The original project was split into segments, to allow easy implementation and to spread the cost over several years. All this hapless Government had to do was to properly invite tenders for the detailed design and construction of the initial railway segments, and to move full speed ahead. If they had done so, by now, the initial east-west line from Port of Spain to St Augustine and the initial north-south line to Chaguanas would have been completed by now, and thousands of commuters would be travelling to work and school in comfort on a modern rapid railway, getting to work in minutes rather than hours.
This project would have truly brought Trinidad and Tobago into the 21st century and created the stimulus for economic growth and diversification, with new commercial and industrial developments and new employment opportunities springing up to serve the new transit system. That would have been real welcomed economic growth rather than having to cheat with random numbers.

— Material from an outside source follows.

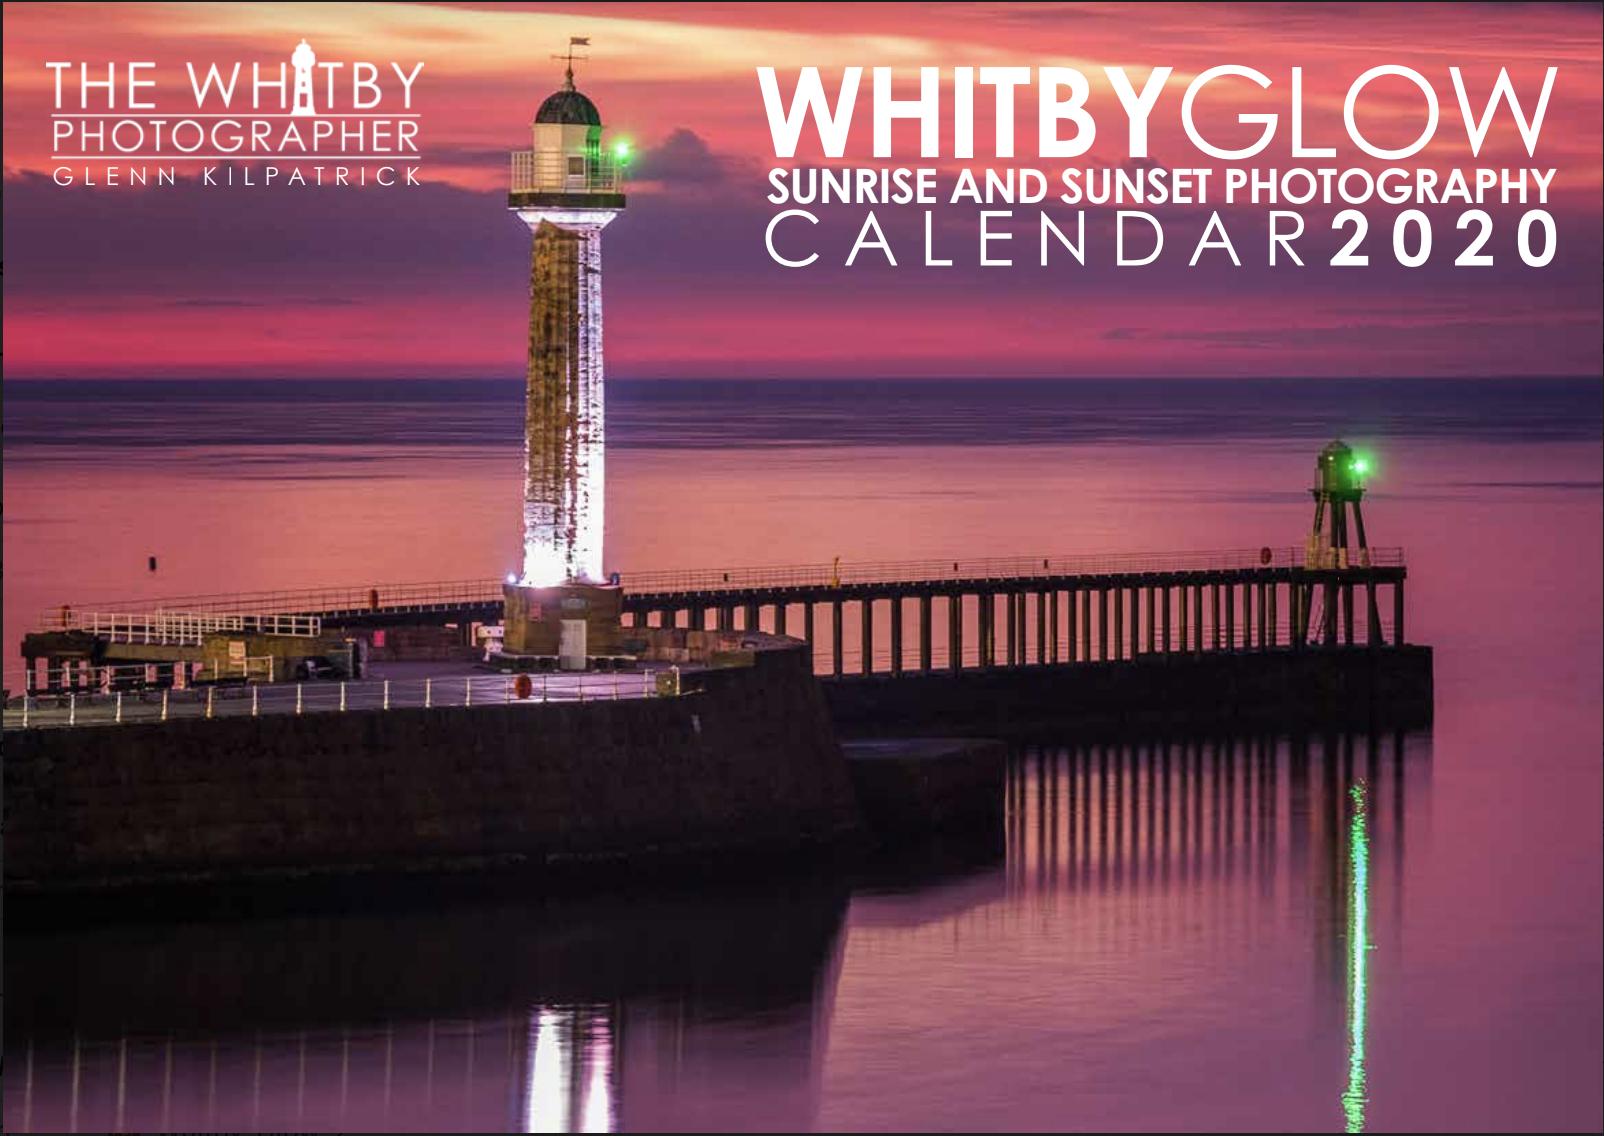 Sunset 2020 Calendar Whitby Glow Calendar 2020   Sunrise And Sunset Photography Of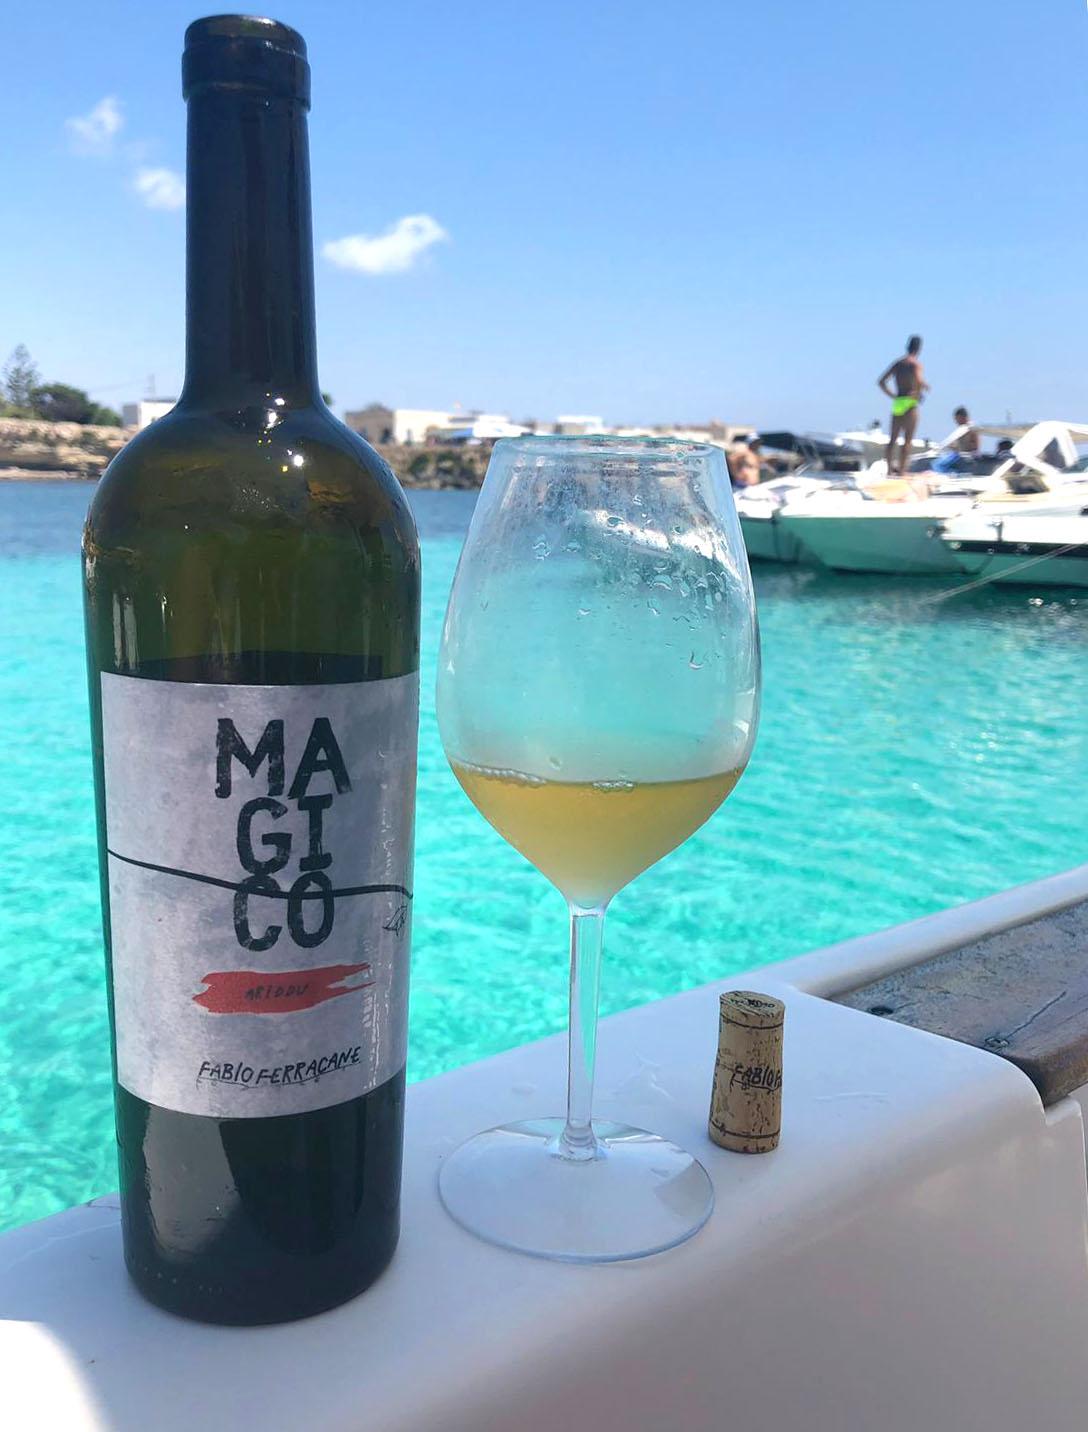 vini bianchi siciliani estate ferracane

But like everything else it was a PNM initiative it had to be bad-mouthed, lied about and discarded in the same way they did with the OPVs, Sautt, and the Wallerfield Industrial Park. They almost wrecked UTT. They abandoned the railway project and wasted all of the important pre-construction and planning work that had been done. They wasted 3 years blaming the PNM for every evil under the sun, whilst twiddling their thumbs. They have proposed no viable alternative solution to our traffic and transportation woes.
After all, if the present Government could spend billions of dollars in the Prime Minister’s constituency and elsewhere on every manner of grandiose and unnecessary mega project, designed primarily to benefit friends and family, we can certainly do better by implementing a much-needed infrastructure project that will benefit every single person in Trinidad.
Up on our return to office we will immediately approach the IDB for a review of the current situation; all existing data and engineering work done to date. Once the word is a go, then the PNM commits to giving the highest priority to building a mass transportation rail system to feature service on a backbone from Diego Martin to Sangre Grande with a southern component to La Romaine.
We will seek to obtain IDB long-term concesionary funding to finance this project which will positively change the face and circumstances of Trinidad and Tobago for the next century. The PNM, the party of development of this country, will once again shoulder the responsibility for developing this country and its people.
We eagerly look forward also to the many economic benefits of the high local input into the building of the route ways over a period of several years and the phased reduction of the intractable billion dollar fuel subsidy on completion.